**Task objective**.
The complete listing goes into the output exactly, without its pictures.

**Supplied information**.
****************

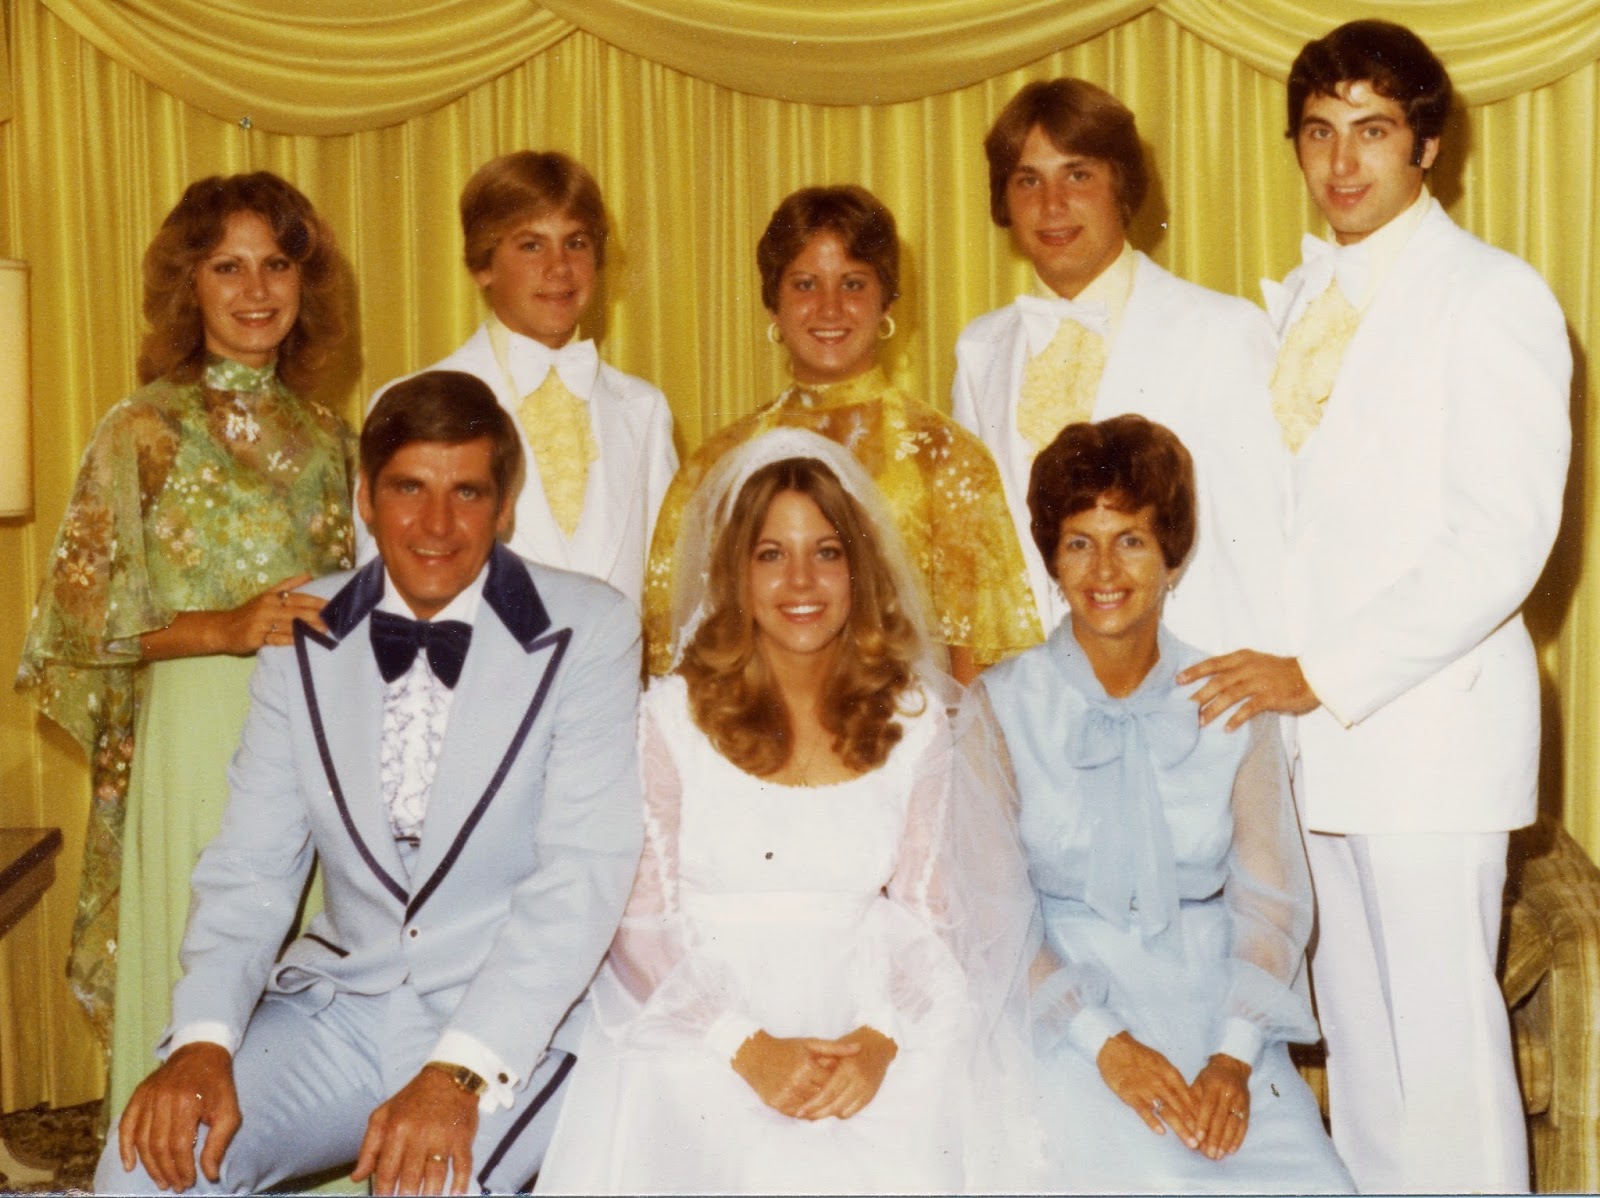 ABT UNK: Wordless Wedding Wednesday: Dietz Family, August 1977
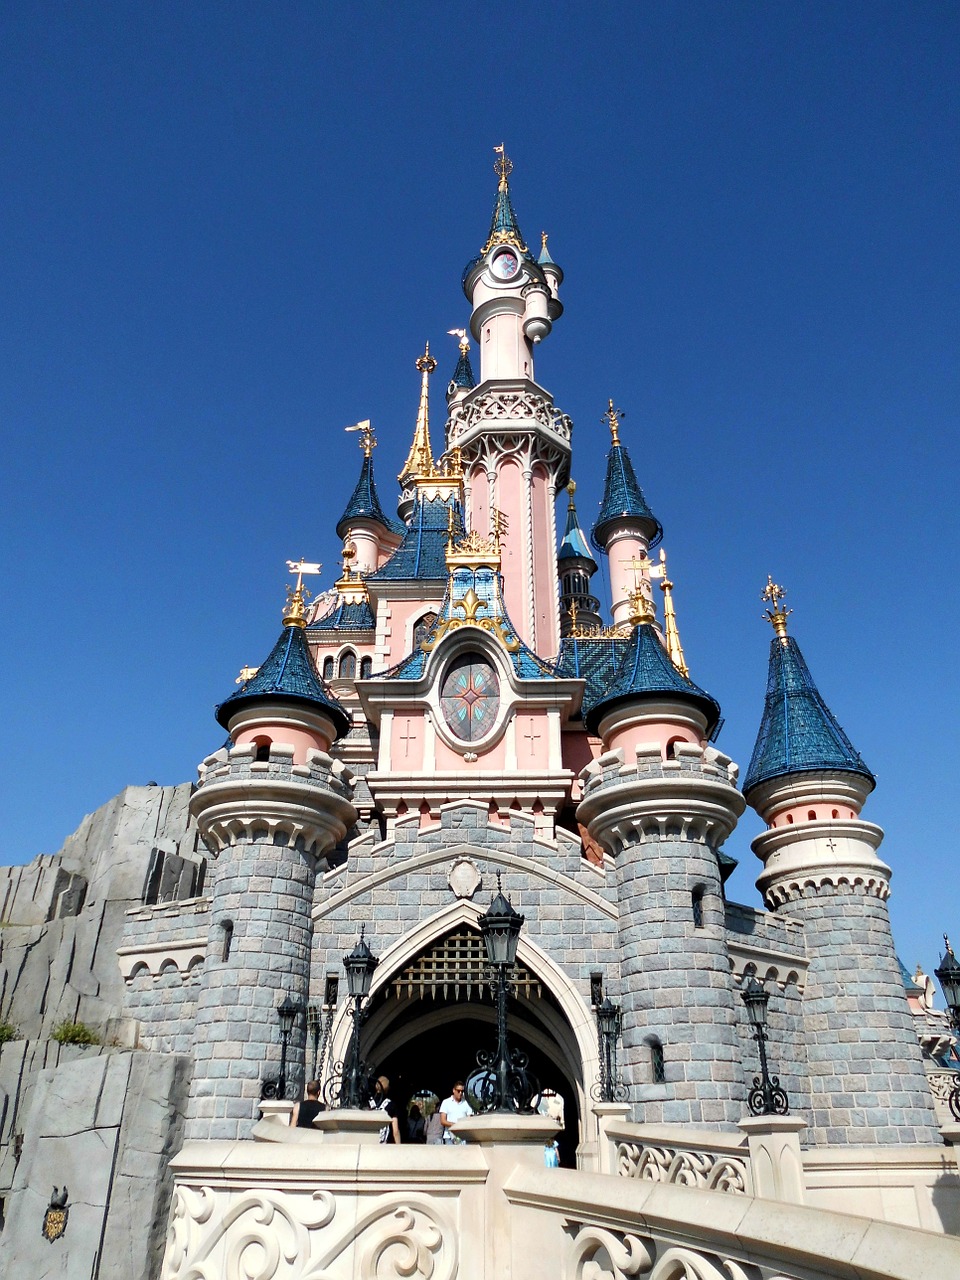 Download Free Photo Of Disneyland Sleeping Beauty Castle Paris Free Pictures From Needpix Com
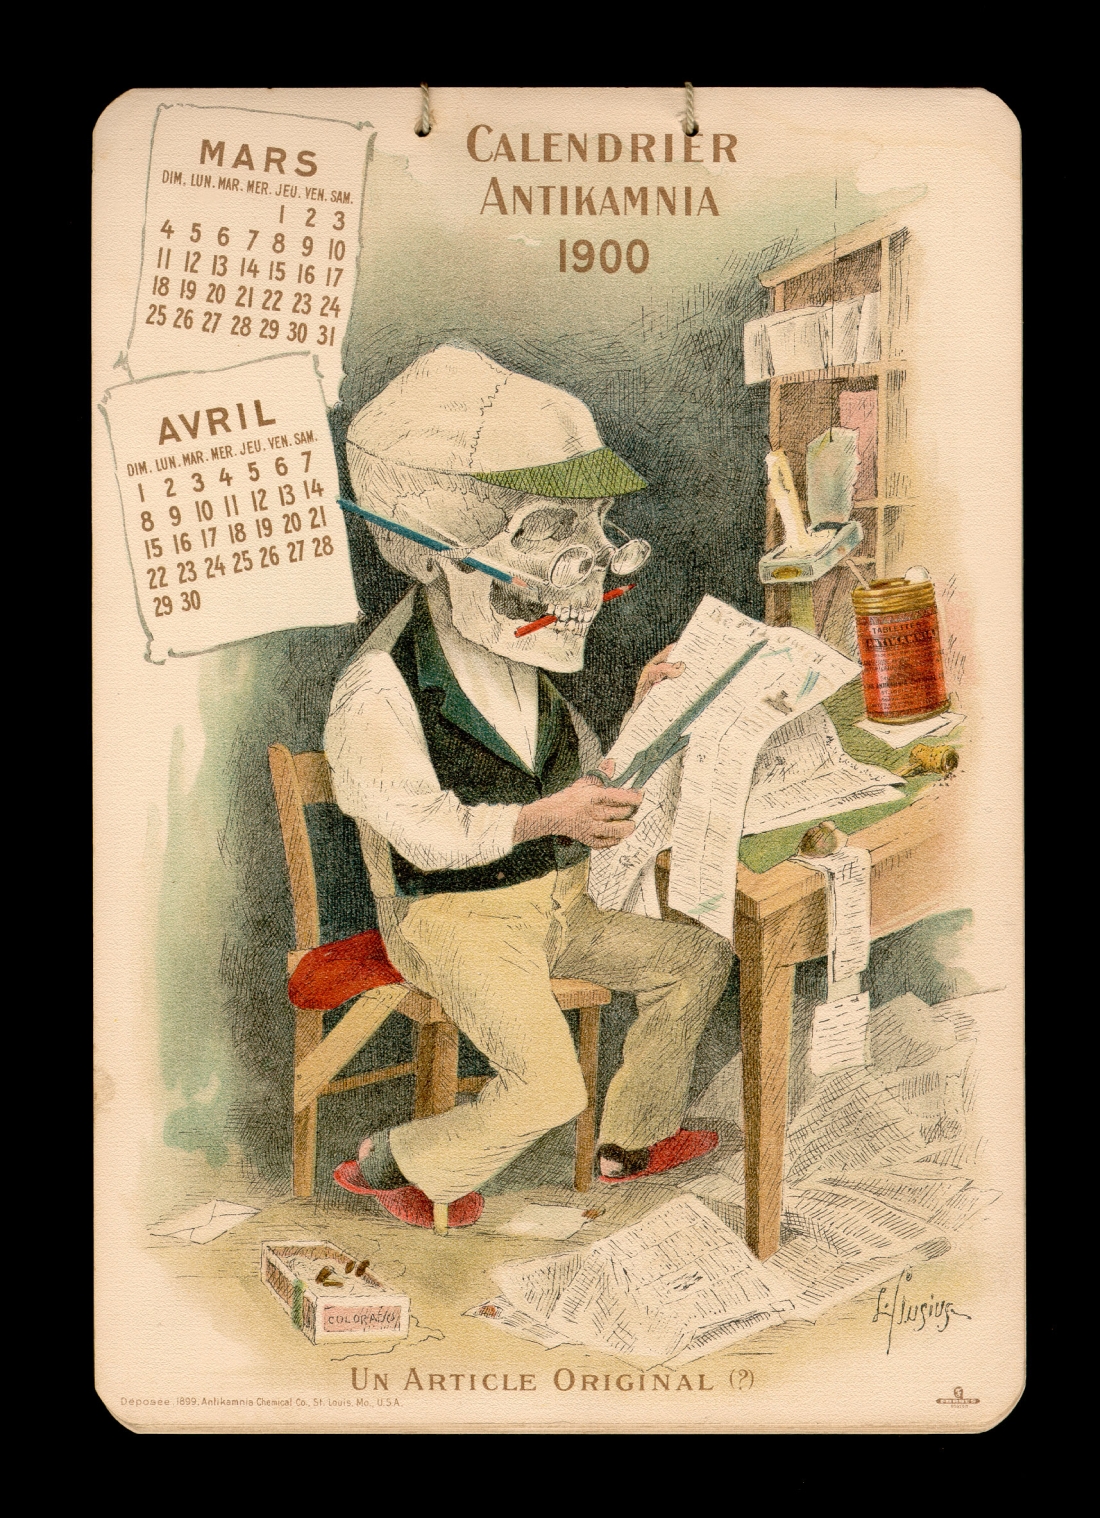 Antikamnia medical calendar 1900

****************

**Solved problem**.
 ABT UNK: Wordless Wedding Wednesday: Dietz Family, August 1977
 Download Free Photo Of Disneyland Sleeping Beauty Castle Paris Free Pictures From Needpix Com
 Antikamnia medical calendar 1900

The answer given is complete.